'Yellowstone'
«El kilométrico despliegue de ‘Yellowstone’ no empaña su mensaje, que algunos creen radicalmente republicano aunque, en el fondo, sea sobre todo romántico (y ecologista)»

Imagen promocional de 'Yellowstone'.
Yellowstone es una de las series más celebradas últimamente por la crítica. Consta de cinco temporadas, la protagoniza Kevin Costner y se desarrolla en Montana, estado que colinda al norte con la canadiense Alberta y al sur con Wyoming, territorios con los que comparte la cadena montañosa de las Rocosas, un hermosísimo paraje sometido a las habituales tensiones entre conservacionistas y capitalistas.
El largo largometraje, dirigido por los hermanos Sheridan, sufre el mismo mal narrativo que tantas otras propuestas audiovisuales: sus tropecientos capítulos habrían funcionado mucho mejor en formato reducido, pero esta industria, como tantas otras, no se debe a la artesanía sino al bolsillo, convirtiendo de paso al aplanado espectador en un estupendo rehén del streaming, sus incipientes anuncios y ese piloto automático al que la humanidad tan dócilmente se entrega desde la digitalización de sus usos y costumbres.
Costner interpreta el papel de John Dutton, propietario del rancho más grande de Montana, un inmenso fresco de píceas, arroyos y crestas nevadas donde el viejo, rudo y pese a todo noble cowboy resiste las sacudidas de la Thermomix contemporánea. Si a un lado de la verja hay vacas y potros indómitos, al otro alarga su sombra la amenaza del turismo, los casinos y aeropuertos y las pistas de esquí para ciudadanos adinerados de California y Nueva York.
«Tal y como el personaje lo entiende, el progreso representa lo mismo que en España: horteras y especuladores colonizando los oasis que aún resisten la epidemia del ladrillo. El vaquero contra el banquero»

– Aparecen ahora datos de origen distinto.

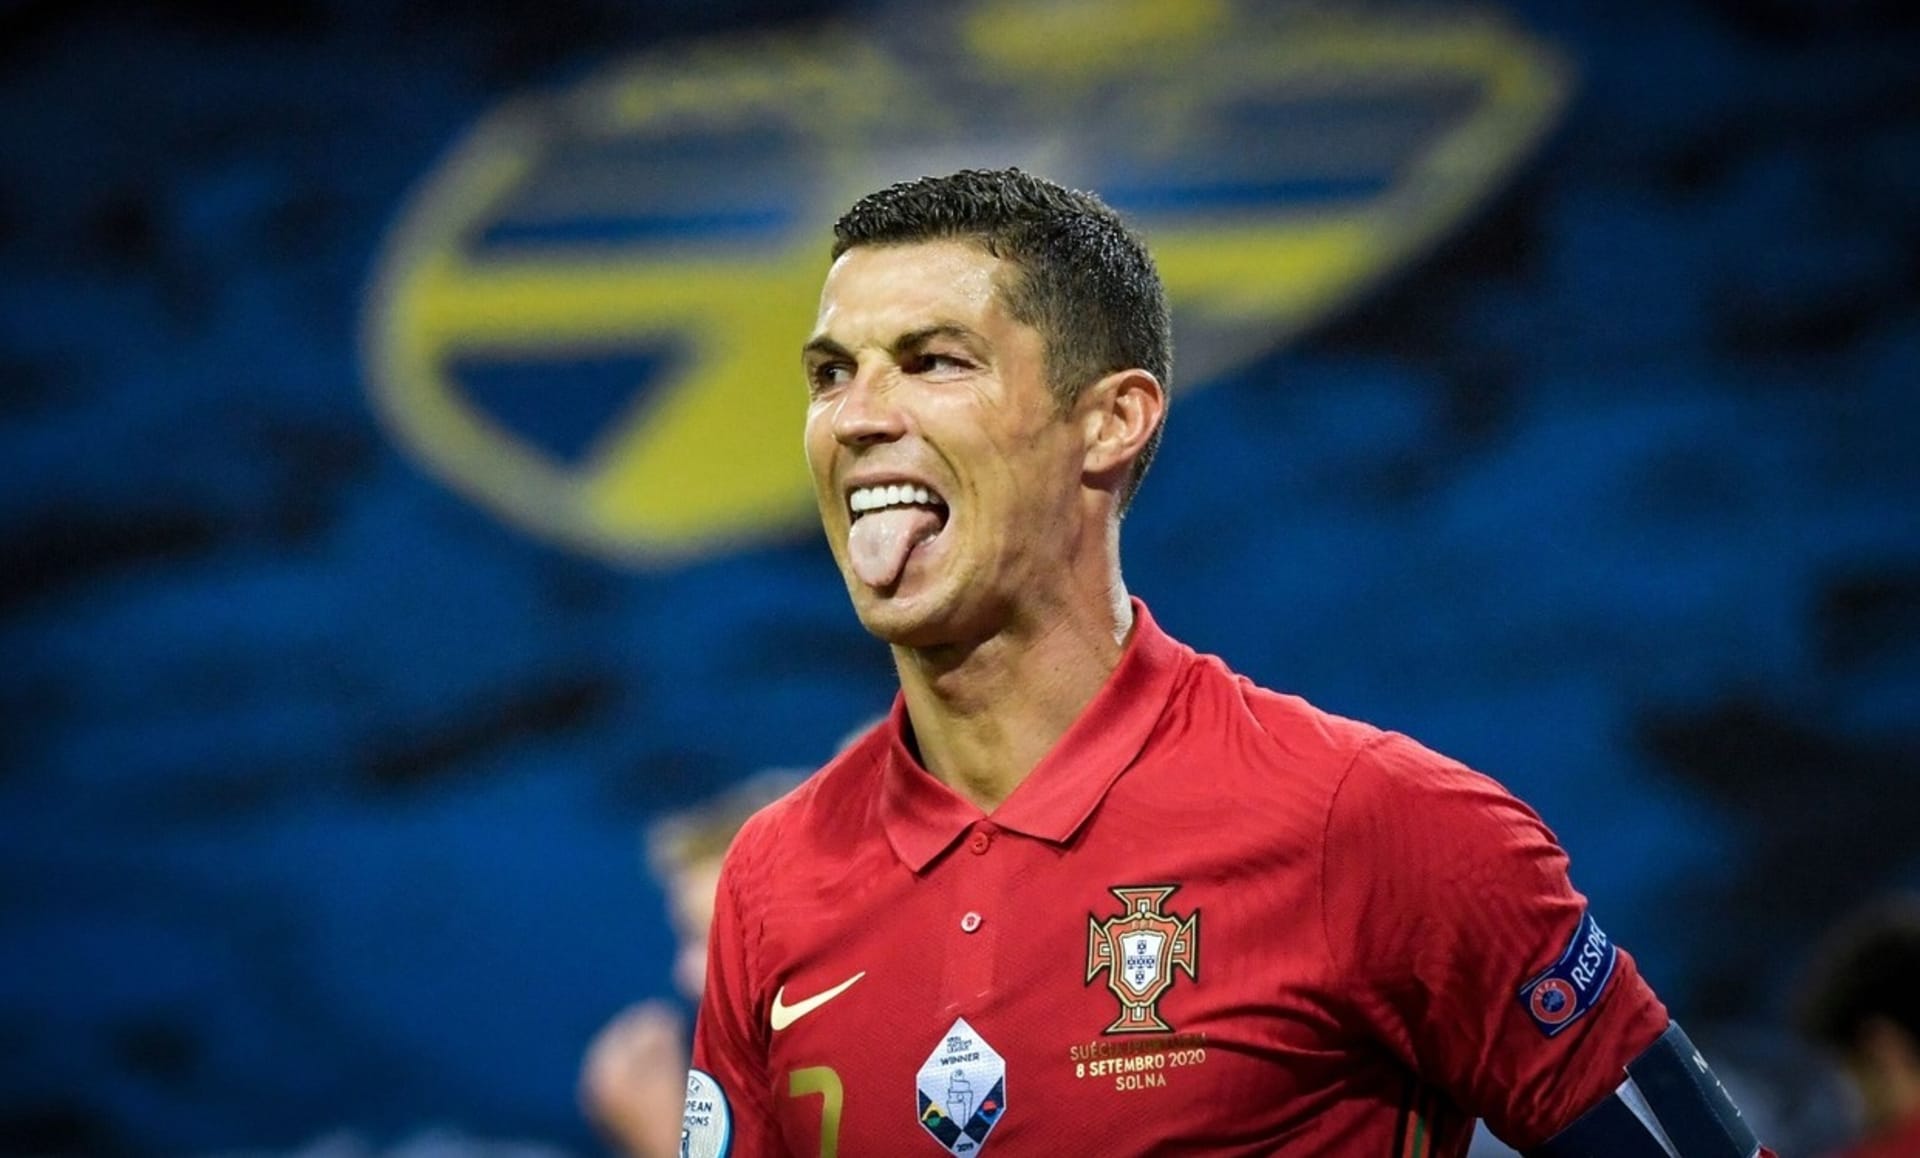 Cristiano Ronaldo nedávno překonal další metu, když dal 100. gól za portugalskou reprezentaci.

Dutton es testarudo. Su familia habita esas tierras, hábilmente birladas a los indios más de un siglo atrás, empeñado en conservarlas como están. Semejante cabezonería le siembra el camino de enemigos. Los nativos americanos quieren recuperar su legado. Los promotores y fondos de inversión salivan ante sus maquetas urbanísticas. Las mafias locales incordian al latifundista con secuestros y atentados. Hasta los inofensivos turistas chinos se cuelan en sus dominios para tomar unas fotos pintorescas y saborear un trocito del salvaje Oeste.
Pero Costner-Dutton no cede ni un milímetro. Su mensaje, el mensaje amasado por la productora de la serie y la dirección, es cristalino. Aunque en el medio plazo esté condenada a muerte, la savia, la raíz de Yellowstone y del verdadero cowboy no está en venta. Las reses se marcan a fuego, los potros se doman, las cuadras se limpian, el heno se reparte, las cervezas se saborean al caer la noche, el póquer ocupa las mesas de los estoicos y socarrones jinetes y, ya de madrugada, cuando los espectros cubren los bosques con sus brazos macilentos, se ataca y ejecuta al enemigo, se entrega su cuerpo a la nada de un barranco insondable y se procede al recuento de bajas. Así es la guerra y así debe librarse.
En las postrimerías de la telenovela, porque eso es lo que es, igual que Juego de tronos o Mad Men, John Dutton se convierte en gobernador de Montana. Durante su campaña, lanza una frase lapidaria: «Soy lo contrario al progreso». Tal y como el personaje lo entiende, el progreso representa lo mismo que en España: horteras y especuladores colonizando los oasis que aún resisten la epidemia del ladrillo. El vaquero contra el banquero. El rodeo contra el sarao. Mientras la figura del presente se aferra a su mantra monetario (debajo de los adoquines hay más adoquines), la figura del pasado encarnada por K. C. liga su vida a un valor mucho más puro (hay líneas rojas que ni siquiera el dólar puede traspasar).
Si al personaje Dutton le llamasen ecologista, esbozaría una sonrisa y acribillaría al interlocutor con su revólver de frases breves y secas. A Dutton, en realidad, podrían decirle republicano. Ni lo primero es completamente falso ni lo segundo necesariamente cierto. Su rancho pierde dinero. Ni un árbol se tala, ni un grizzly se sacrifica, ni un trocito de tierra de ese descomunal prado se vende al codicioso inversor. A Dutton le mueve la memoria, le enerva la injusticia y le apacigua el amor. De existir de veras, ya habrían arrasado su paraíso. Por fortuna, sólo palpita en la ficción, donde nadie puede estropearlo.